На лице молодого человека промелькнула усталая улыбка, и он сознался, что бьется над одним пассажем, который, к сожалению, никак ему не удается: в одном месте нужно добавить выразительности аккордом правой руки. Когда у него получится, он будет готов дать новый концерт.

Фрау Альтеншуль не поняла, что он имел в виду. Левански вернулся к роялю и стал играть, но неожиданно, словно натолкнувшись на препятствие, прервался на том самом аккорде, который она слышала на лестнице. Она не находила этому объяснений и, уж конечно, не догадывалась, что у Левански совершенно расстроены нервы.

– Не пойму, к чему вы клоните?

– Да прекратите же наконец! – крикнул он и в очередной раз взял все тот же аккорд. – Прекратите, это становится невыносимо!

– Вы, может быть, неудовлетворены, – сказала она, – но я едва сдерживаю слезы, когда вы играете.

Левански почувствовал неловкость, закрыл крышку рояля и решил больше не заводить речь о музыке, дабы не показалось, что он кокетничает. Он подошел к подносу, наполнил бокал вермутом и, прежде чем сделать глоток, посмотрел на фрау Альтеншуль и развел руки, словно извиняясь за свое поведение. Потом он поправил рубашку, надел пиджак, сел рядом с ней и лишь тогда заметил, что фрау Альтеншуль все еще в пальто и с письмом в руках. Она спросила:

– Кто вас так напугал? Где он? И как вы могли подумать, что я способна вас обмануть?

Левански молча смотрел на нее своими утомленными от бессонницы глазами.

– Какое сейчас время суток?

– Вторая половина дня.

– На улице солнечно?

– Да.

– У вас нет желания прокатиться со мной на машине? Мне нужно на время расстаться с инструментом, к которому я был так долго прикован. В конце концов, надо же взглянуть на свет божий.

Без дальнейших объяснений он накинул на плечи широкий шерстяной шарф, предложил фрау Альтеншуль руку и повел ее по гравийной дорожке.

Немного спустя фрау Альтеншуль сидела с Левански в автомобиле марки «адлер», которым он любовался в гараже несколько месяцев назад. Непросто ей было сохранять серьезную мину, глядя, с каким юношеским задором и озорством он управлял машиной, к тому же ей еще никогда не приходилось пользоваться средством передвижения, способным развивать такую скорость, поэтому пришлось крепко уцепиться за ручку на дверце, чтобы не закружилась голова.

– Смотрите, как все вокруг сверкает! – воскликнул Левански и указал на покрытые инеем деревья, выстроившиеся вдоль шоссе.

Она все время помнила о письме в кармане и чувствовала, что сидит прямо на нем, так неловко она забиралась в машину. У Левански душа явно не лежала к откровенному разговору, и всякий раз, когда его спутница пыталась напомнить о письме, она натыкалась на упрямое молчание. Пришлось отложить объяснения, по крайней мере на время прогулки.

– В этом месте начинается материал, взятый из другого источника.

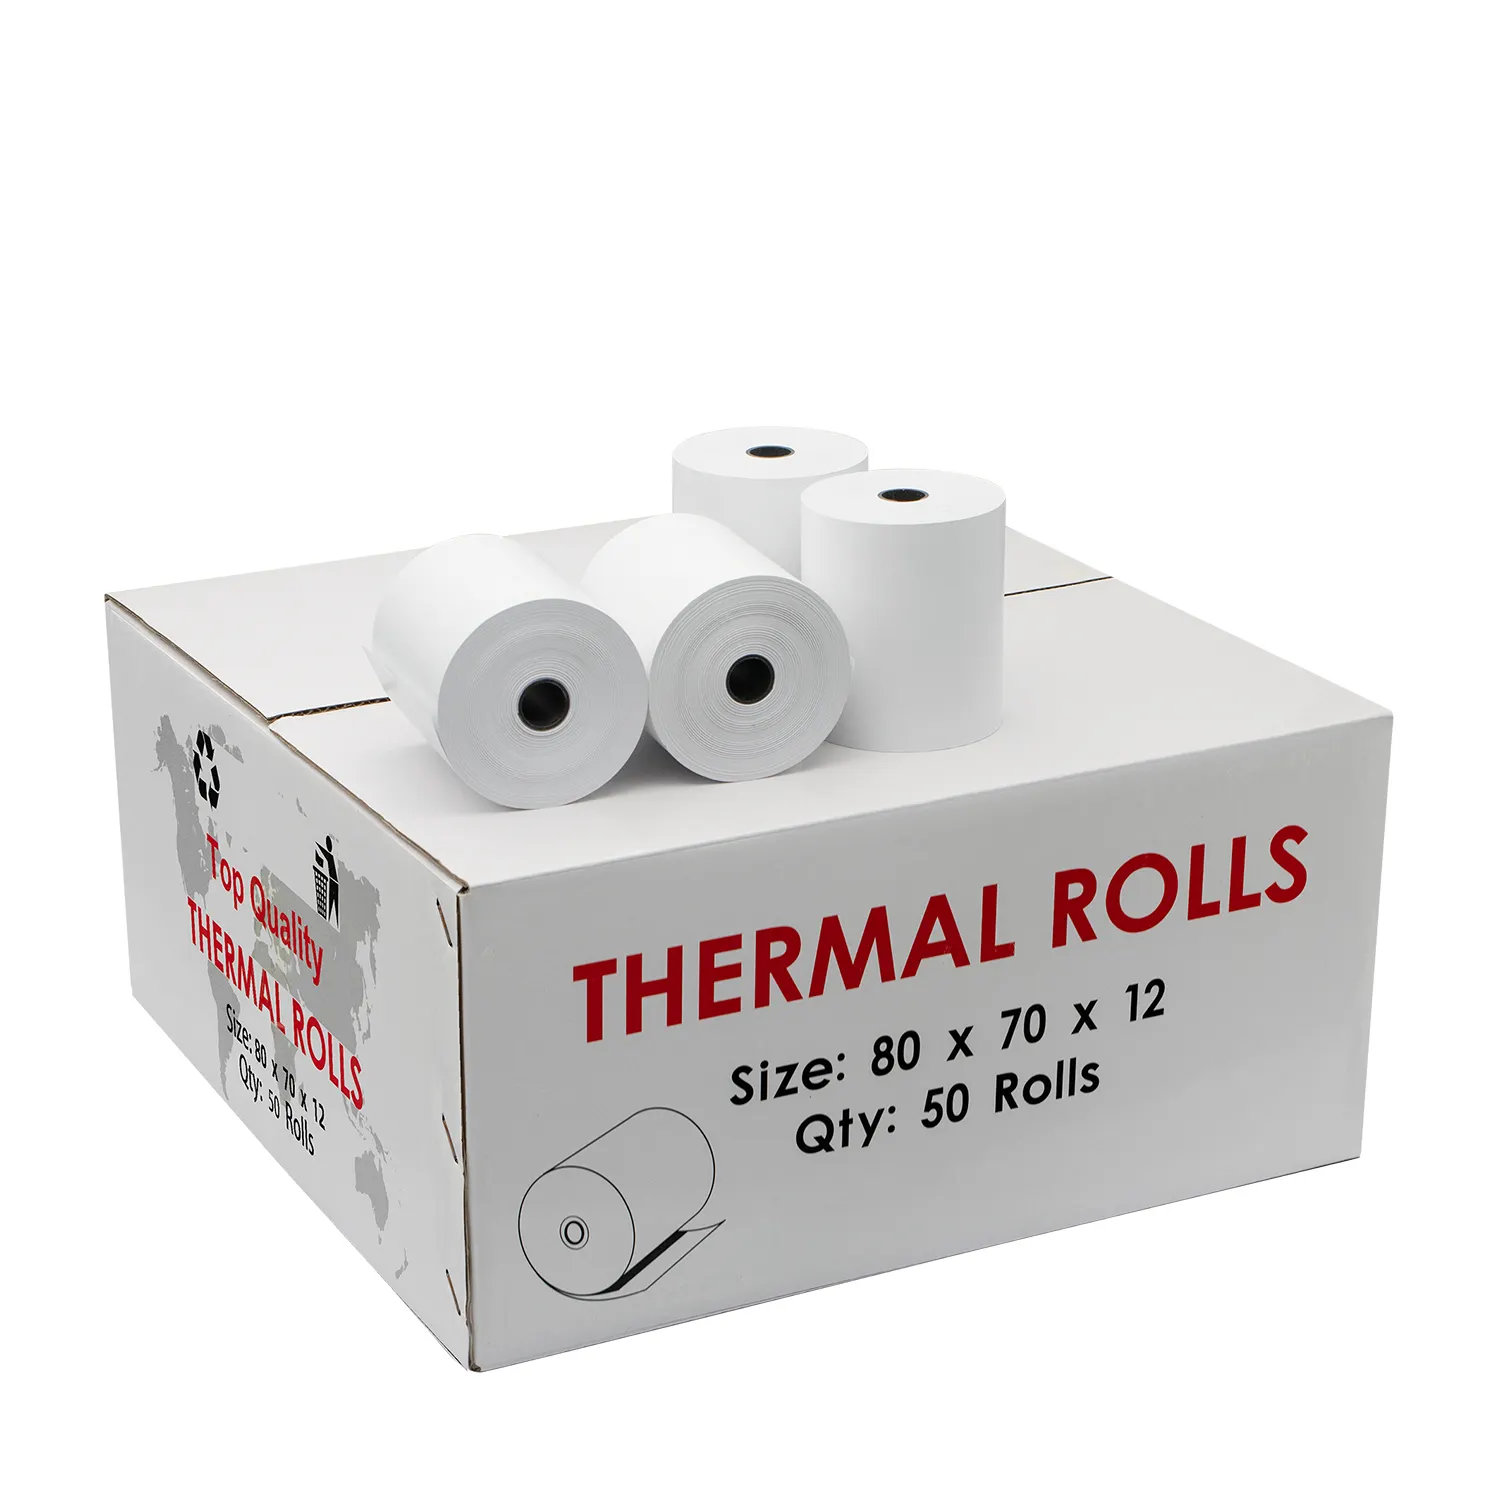 Kustom Thermal Paper Roll Receipt Kasir Pos Thermal Paper Rolls Receipt Paper untuk Pos Atm untuk Penggunaan Bisnis

Они выехали за город и теперь двигались в сторону Хеерштрассе. Солнце спешило скрыться за кронами деревьев. Левански что-то напевал себе под нос, бледность исчезла с его лица, уши раскраснелись от возбуждения.

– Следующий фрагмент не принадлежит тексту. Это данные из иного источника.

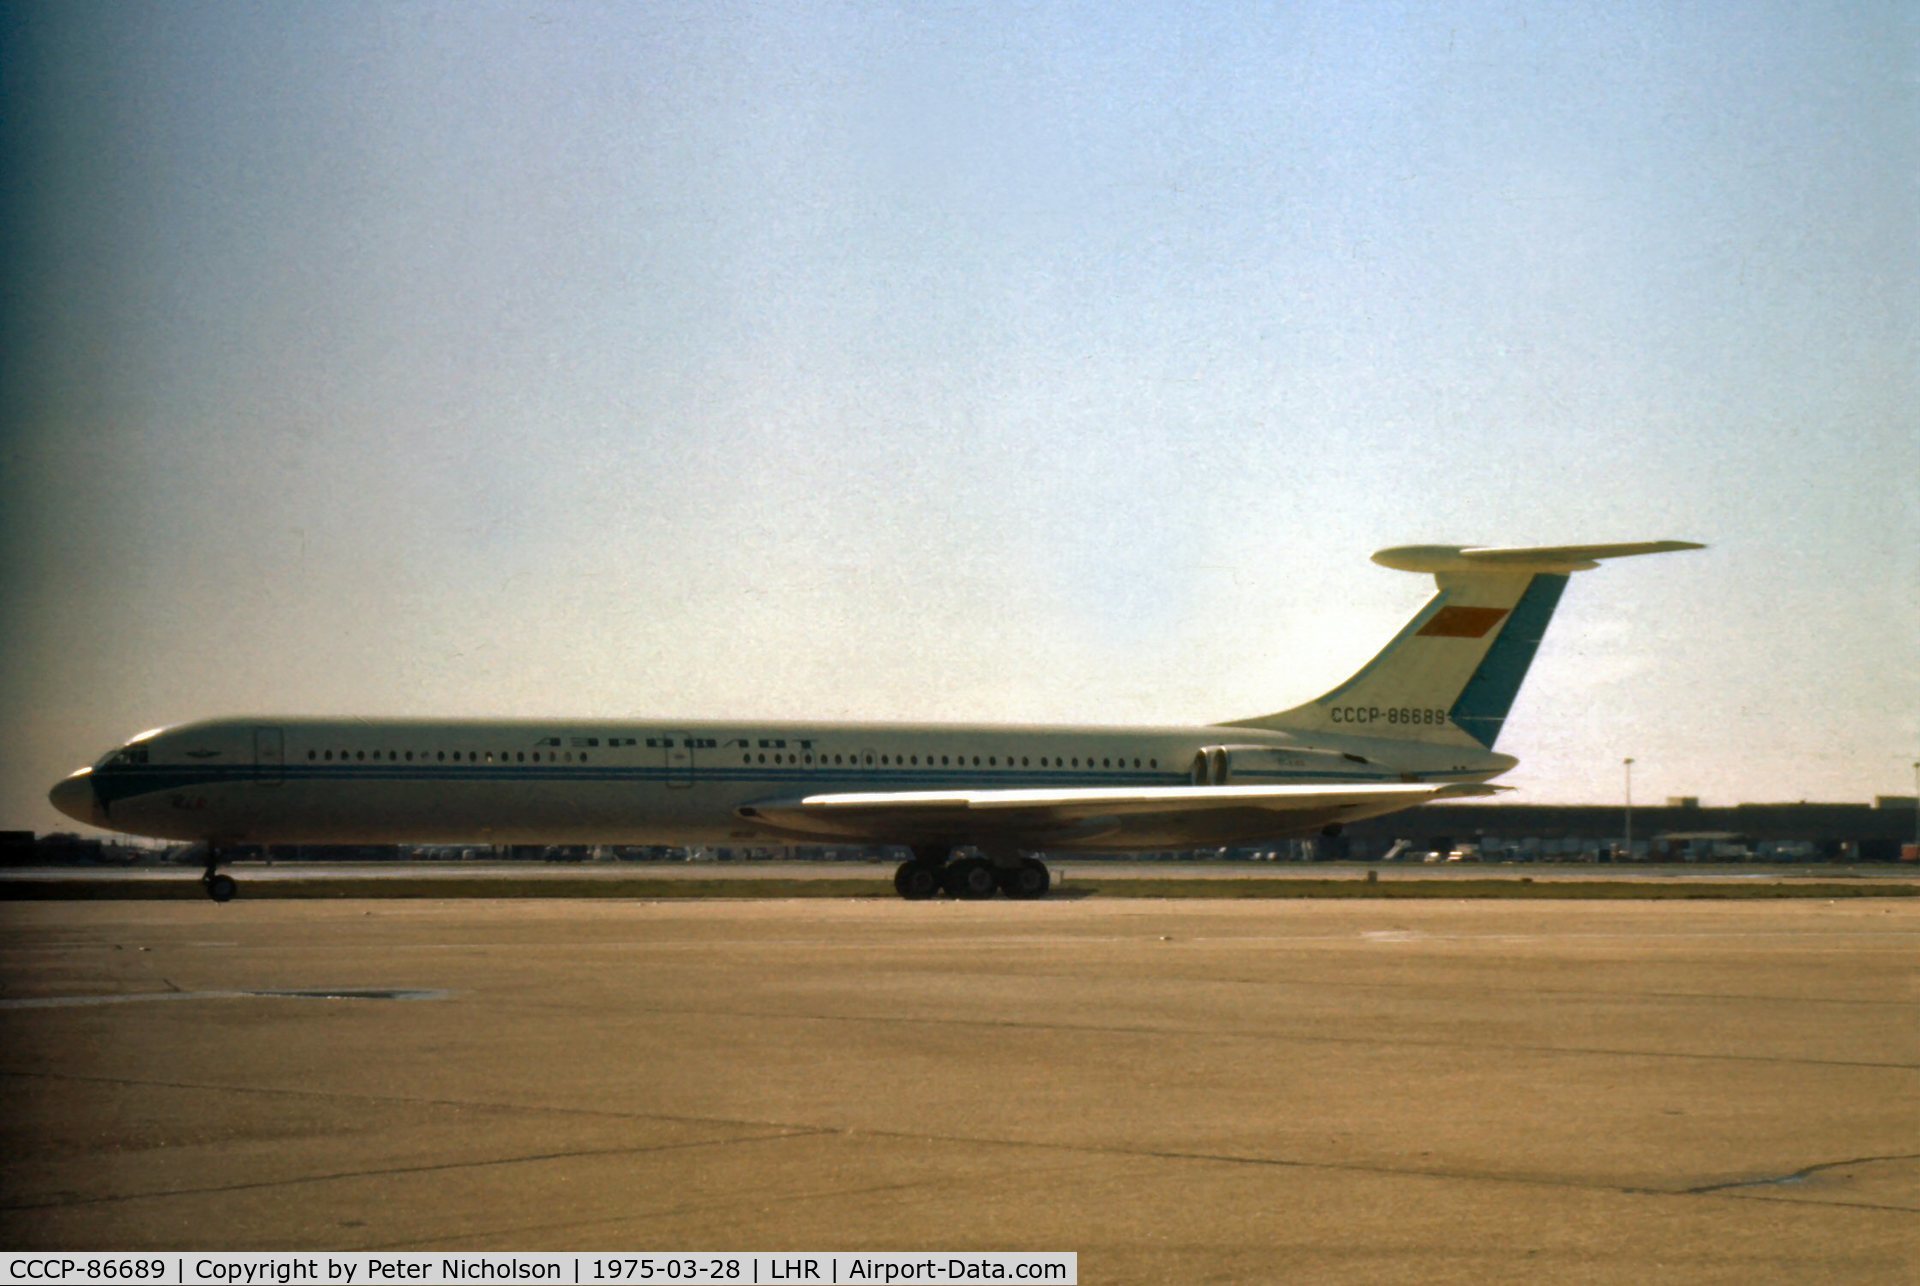 CCCP-86689, 1971 Ilyushin IL-62 C/N 11001, Ilyushin Il-62 Classic of Aeroflot at Heathrow in the Spring of 1975.

Ему стало жарко. Он спросил, не открыть ли окно. Фрау Альтеншуль собралась с духом и решила во что бы то ни стало справиться с легкой тошнотой, вызванной быстрой ездой, не желая портить ему радостное настроение:

– Ну конечно откройте, ведь у нас обоих теплые шарфы.

Он открыл окно, но не так, как делают обычно, оставляя щелочку, а полностью, до самого упора. Ветер гулял в салоне, будто они ехали в открытом экипаже, и шарф фрау Альтеншуль развевался на заднем сиденье. Ничего, кроме улыбки, такое легкомыслие и озорство не заслуживали, но ей почему-то было приятно отдаться этому порыву юношеского безрассудства, и она заглушила свой внутренний голос, твердивший, что она-де не в том возрасте, когда уместны подобные экстравагантные выходки.

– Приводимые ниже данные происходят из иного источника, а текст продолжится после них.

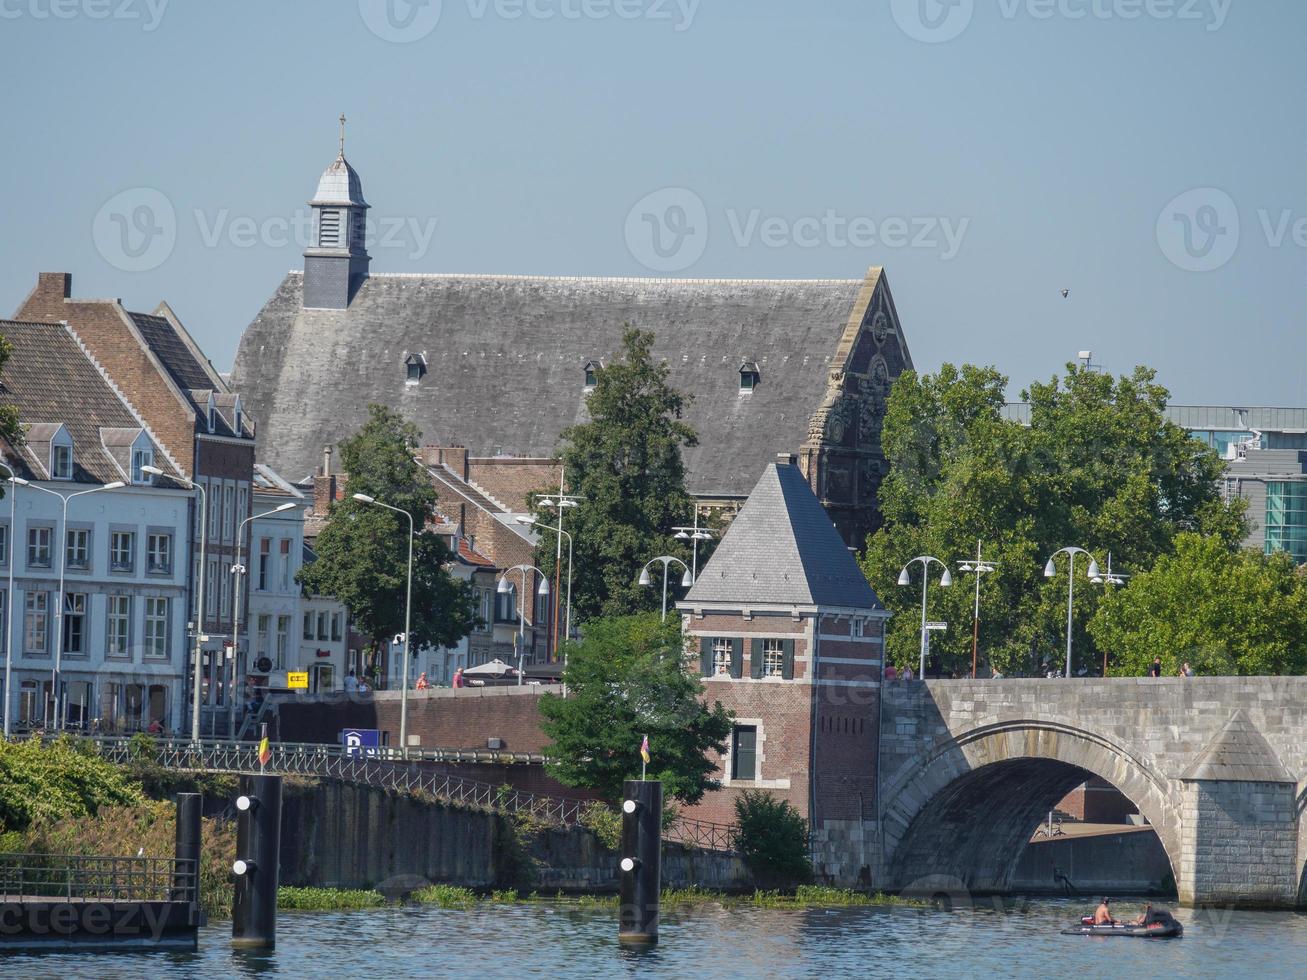 la città di Maastricht sul fiume Maas nei Paesi Bassi foto

Левански ехал все быстрее и быстрее.

– Если вы боитесь скорости, – сказал он с каким-то воодушевлением, не предполагавшим возражений, – то можно сбавить. Знаете, я бы с удовольствием прокатился с ветерком на такой машине, если бы мог.

– Но вы уже так едете, – возразила фрау Альтеншуль.

Только после того, как они оставили позади Хеерштрассе и достигли Хафеля в Шпандау [11]11
  Шпандау – район Берлина в устье реки Хафель, где находится одноименный замок XVI в. После 1946 г. в этом районе на Вильгельмштрассе находилась тюрьма Шпандау для нацистских преступников.


[Закрыть]
и цитадели и Левански вдоволь позабавился с мотором, заставляя его натужно рычать, давя на акселератор, он снизил скорость. Оба смотрели на полоску света от зажженных фар. Было еще достаточно светло, и электрический свет превращался в призрачно-желтое сияние, разрезавшее пространство перед машиной. В Шпандауском парке дорога стала уже. Прямая как стрела, она пряталась под кронами высоких деревьев, и небо они увидели вновь лишь в том месте, где бетонная стена преграждала путь.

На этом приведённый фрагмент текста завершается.